I love orphans. Years ago I made a video called Orphans starring the guy who played the lead cat in Cats and a friend of mine from Mabou Mines and a circus clown. It was about the end of the world as told by Daniel Defoe, first novelist, and in my story, the last. I’m stuck thinking sci-fi when it comes to orphans. It must be such a hot topic in my brain I can’t cast it in the now. Orphans in the future have no names which is great because nameless characters are, to my mind, the most universal.

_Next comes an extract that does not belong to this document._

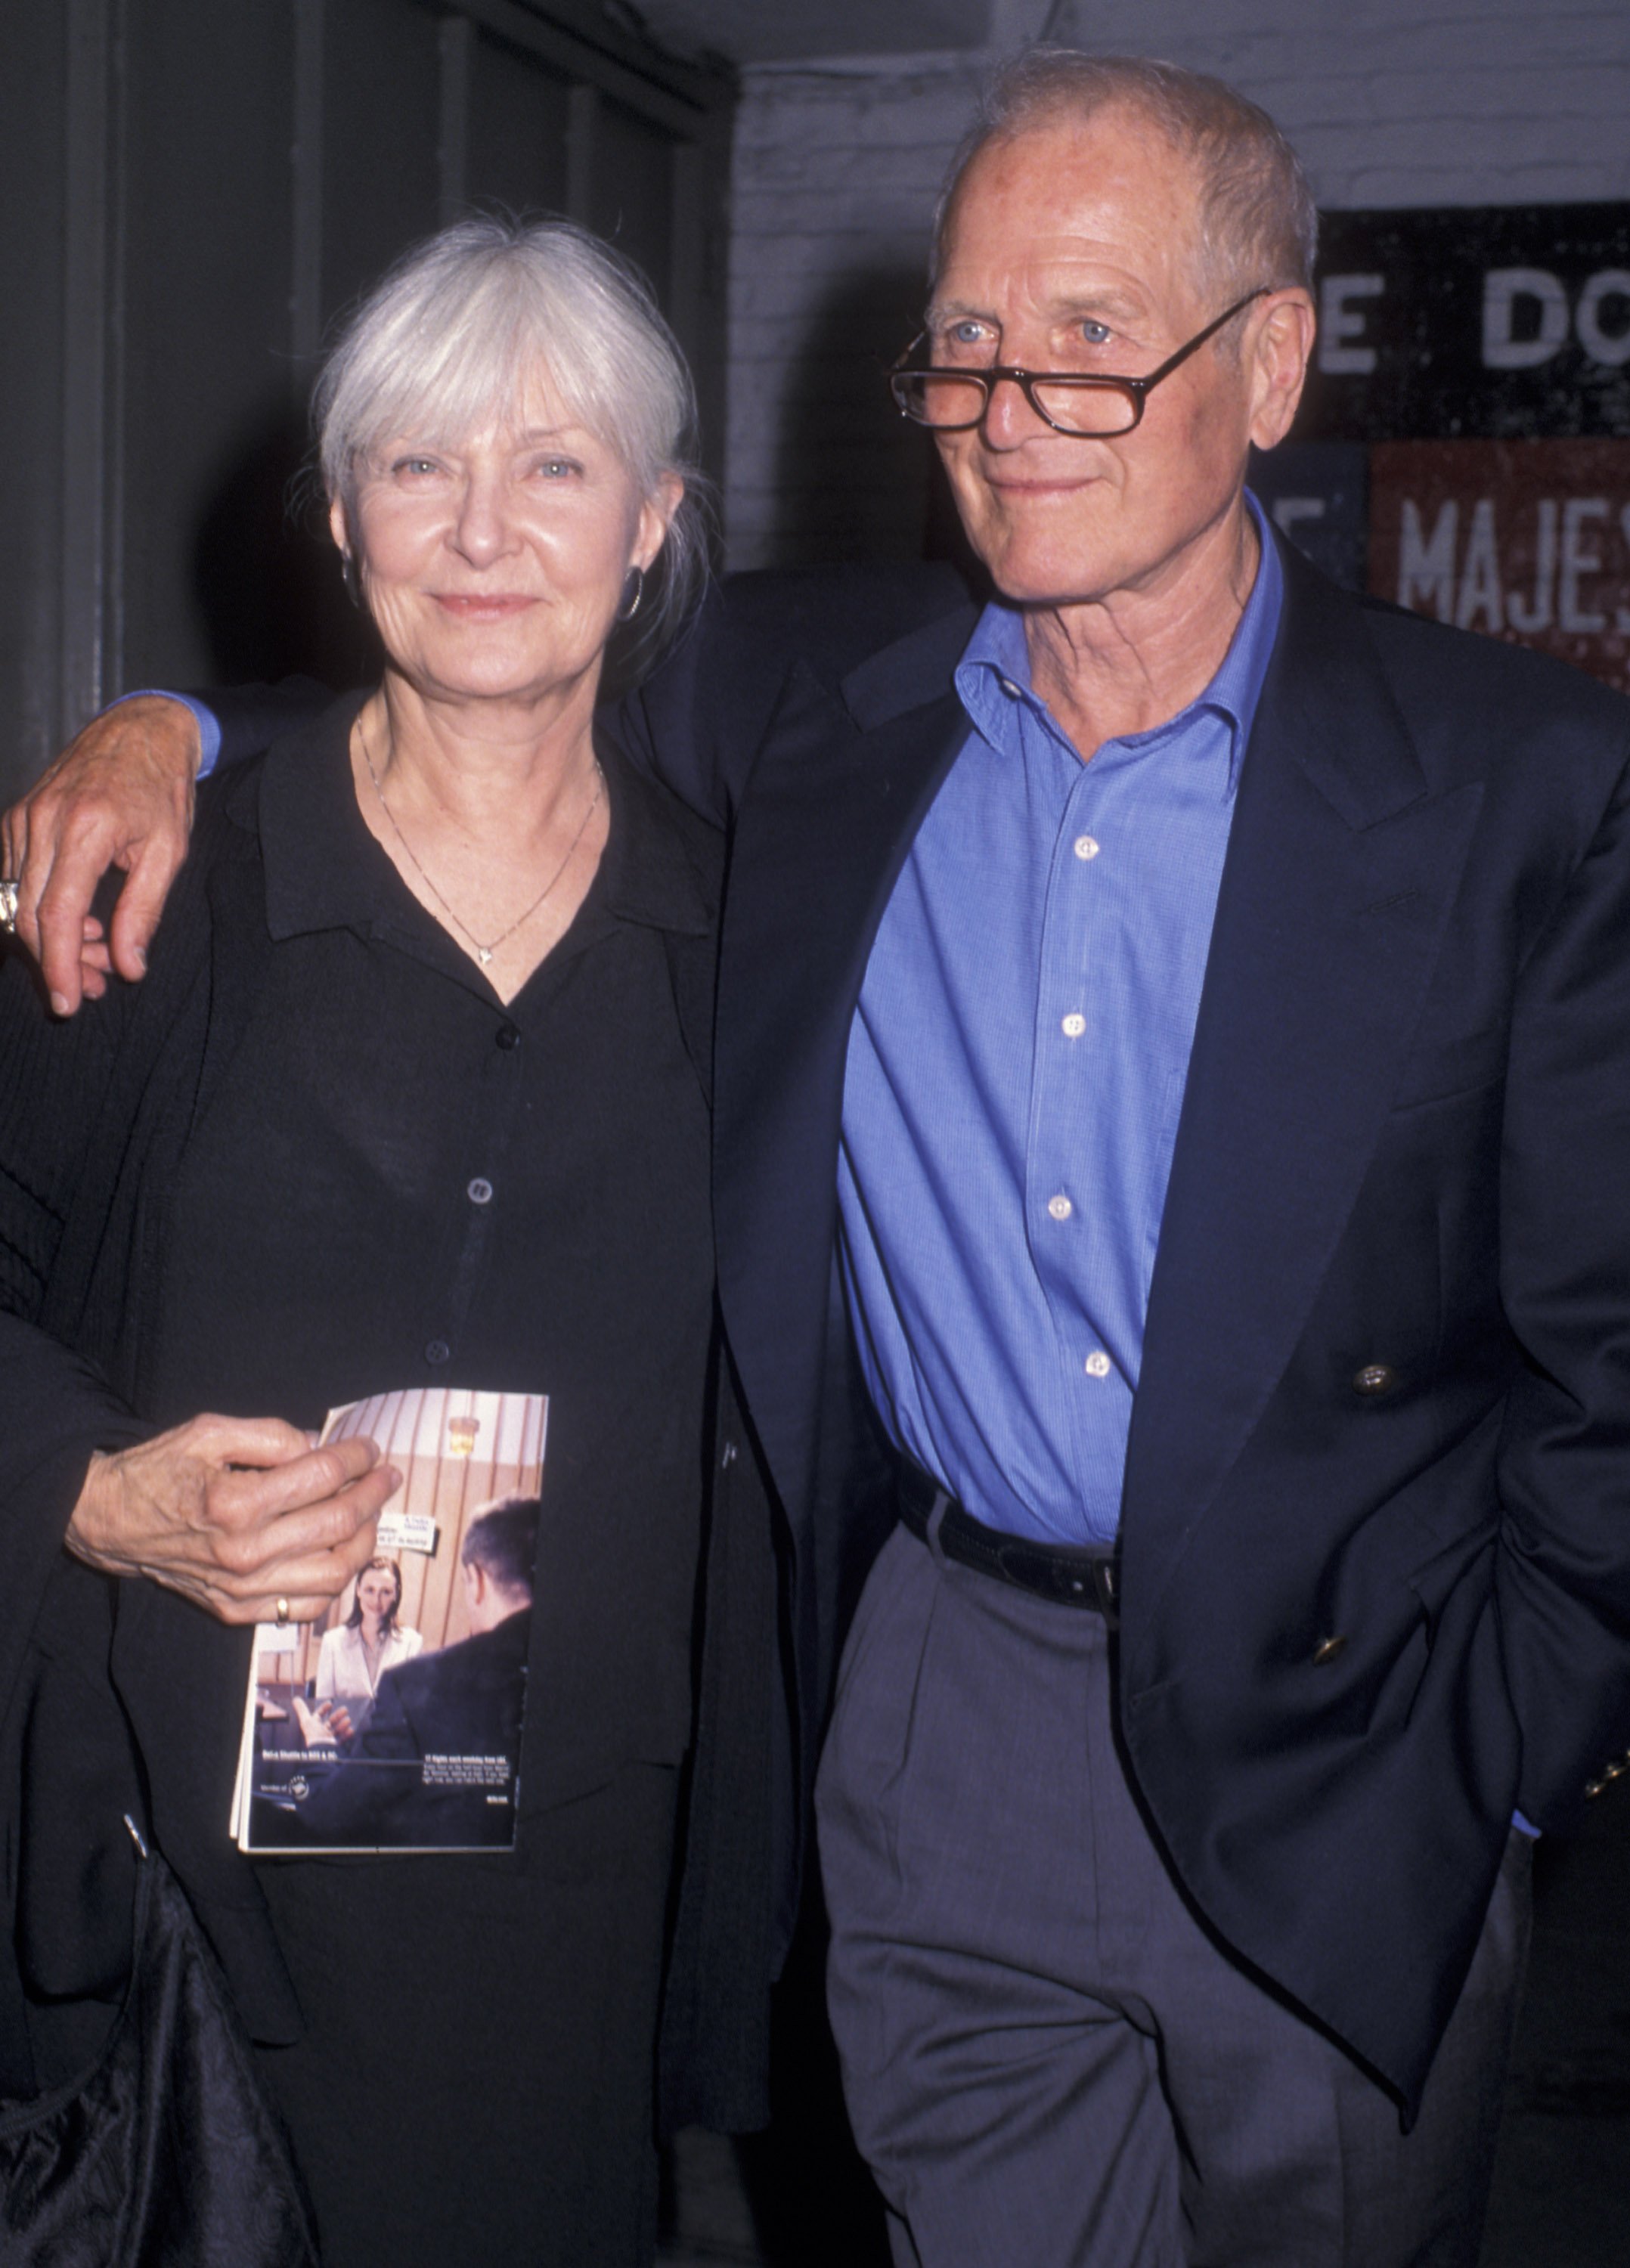 Joanne Woodward and Paul Newman at the performance of "Stones In His Pockets" on September 4, 2001, in New York City. | Source: Getty Images

The no-name girls who harass them have a clone-like, mall-girl presence. Think Night of the Comet, which I’ve never seen but its surreal scenario inspires me--it’s the end of the world and two Valley girls have to fight off the zombies (Daddy would have gotten us Uzis!). They haven’t a clue. But I think anyone who isn’t an orphan has no clue, that an orphan’s life is usually very hidden. Marilyn Monroe was an orphan. Tom Sawyer. Not to mention Harry Potter. Henry Darger painted his orphanage over and over. Barthelme’s Korean orphan in “The School.” Also my mother died last year and left me nothing.

Terese Svoboda's sixth novel, Bohemian Girl, was published last fall. She has published stories in One Story, Bomb, Yale Review, Narrative and elsewhere.